In my latest reading of What's a Nice Republican Girl Like Me Doing in the ACLU?
(copyright 1997), Sheila Suess Kennedy explains why she differs from
the national American Civil Liberties Union in her opposition to
discriminatory government-sponsored affirmative action programs, and she
also defends public schools and criticizes government-sponsored
vouchers for children to attend private schools.
What I want to
use as my starting-point in this post, however, is something that
Kennedy says on page 159, as she discusses a mutually-respectful
correspondence that she had with a pro-life woman: "Subsequent
correspondence has revealed a common concern for the free speech rights
of abortion protesters. We both worry that government is using RICO
laws to stifle dissent."
Earlier in the book, on page 15, she
mentions other common-ground that the ACLU has found with groups that
many would characterize as right-wing.

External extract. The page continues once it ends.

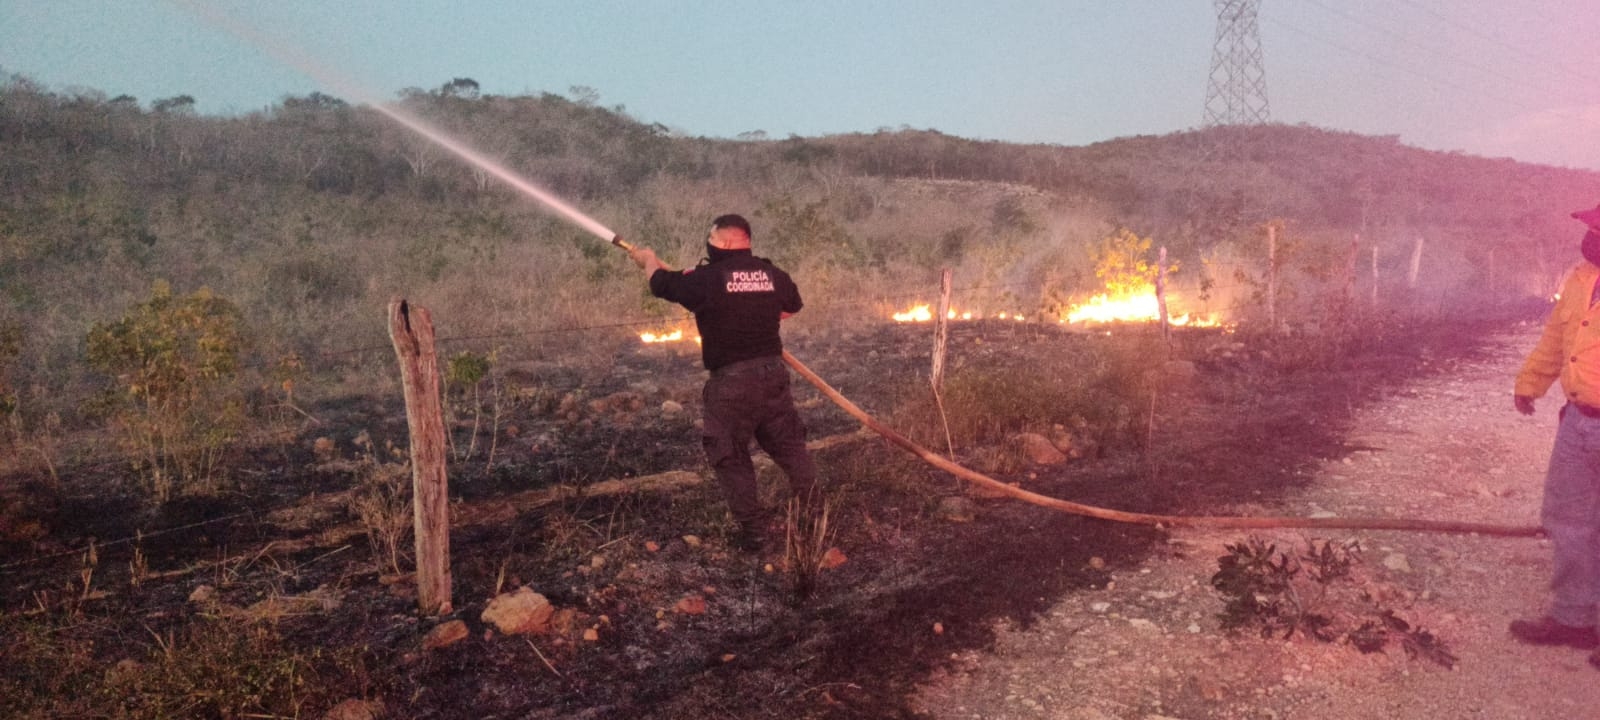 Procivy registra 15 incendios forestales durante marzo en Tekax

She refers to common-ground
between the ACLU and the libertarian Cato Institute on the drug war, and
between the ACLU and the National Rifle Association "on issues stemming
from the 1993 tragedy in Waco."
I admire the integrity of the
ACLU: it has principles, and it does not care if those principles put it
on what people would label as the left-side of the political spectrum,
or the right-wing side. It just stands up for people's rights! Some
right-wingers have told me that the ACLU is pretty selective about what
rights it defends, however, for the ACLU does not exactly take on gun
control laws, which a number of right-wingers believe are in violation
of the Second Amendment. You can see here
that the ACLU regards the right to keep and bear arms as a collective
right, not an individual right. I can see some of the ACLU's point, for
the Amendment does mention a militia. But I wonder why a
collective right would be placed inside of a document (namely, the Bill
of Rights) that primarily concerns protecting the rights of the
individual from government infringement. In any case, whatever the
merit of its stance on the Second Amendment, I appreciate the ACLU's
integrity on the other rights in the Bill of Rights, as it defends
left-wingers and right-wingers, the mainstream and the extreme.

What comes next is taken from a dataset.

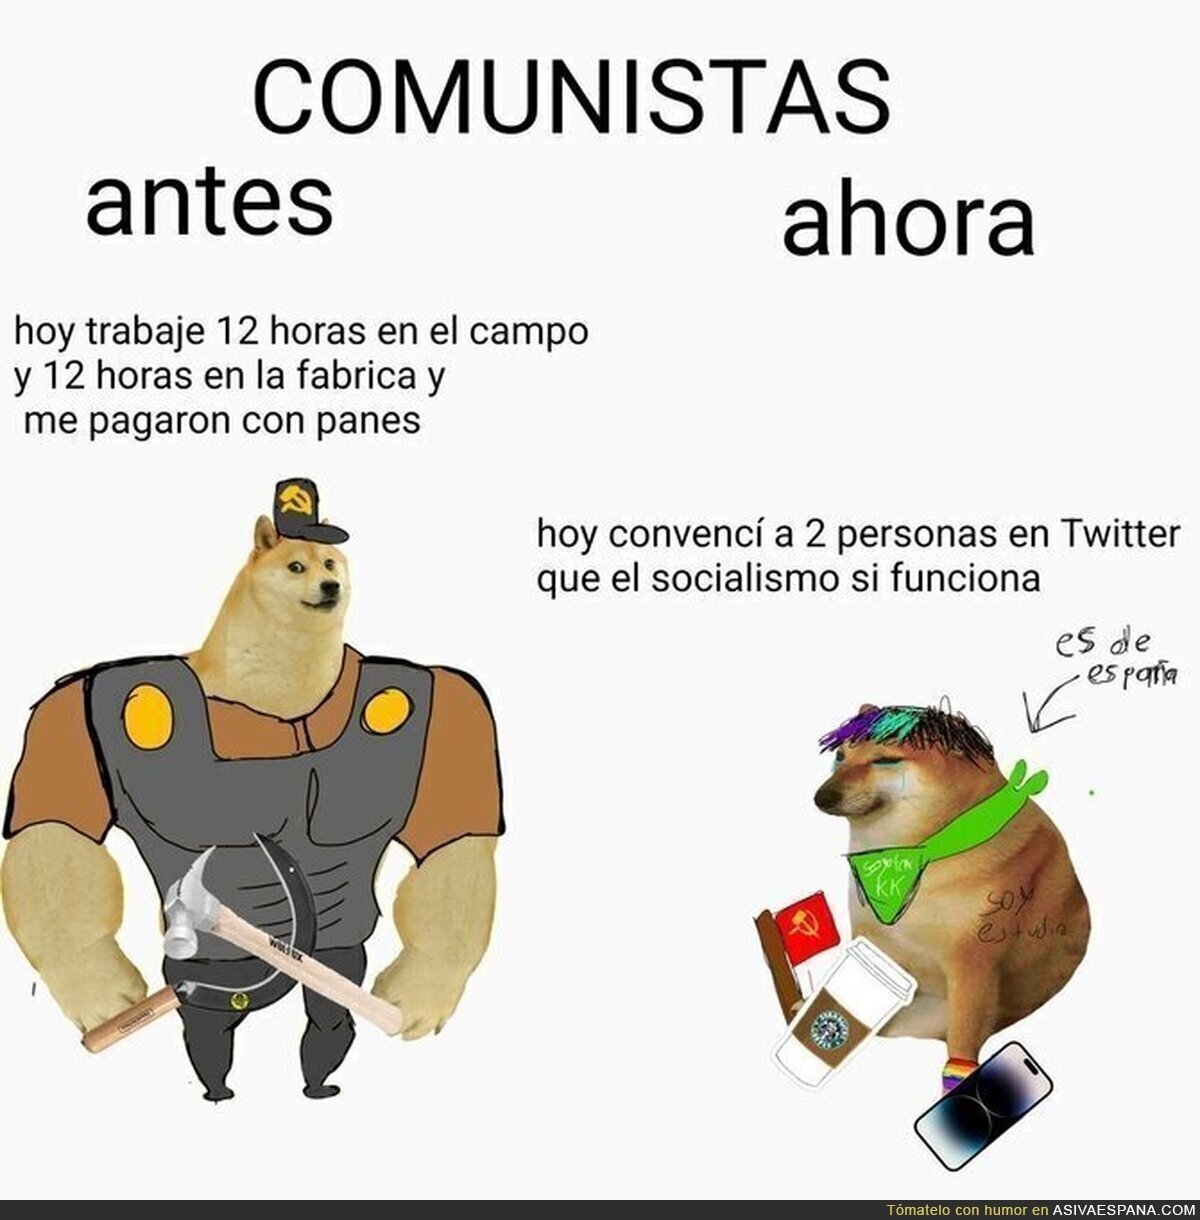 COMUNISTAS ANTES VS AHORA

(UPDATE: Regarding Kennedy's views on gun control, on pages 188-189, she
appears to be critical of the government confiscating guns to reduce
crime and violence. Yet, in her post here, she disapproves of a measure allowing people to carry guns into the workplace.)
I'd
also like to mention that Kennedy on page 128 criticizes Congress for
exempting itself from the laws that it passes. This was an issue in the
1990's, for, in 1995, the U.S. Congress passed the Congressional Accountability Act,
which applied to the U.S. Congress a number of federal laws from which
it had exempted itself. This law was passed soon after Republicans
gained majorities in the U.S. Senate and the U.S. House of
Representatives, for the first time in over three decades. It was a
time in which many anticipated reform, as Republicans in the 1994
elections had ousted long-time career politicians, and fresh blood was
coming into the chambers of Congress. Of course, the outcome of the
Republican triumph was not entirely positive, for the Republican
Congress had its share of scandals. But I remember with nostalgia the
fresh, innocent Republican optimism that I had right after the
Republicans took control of Congress in 1994.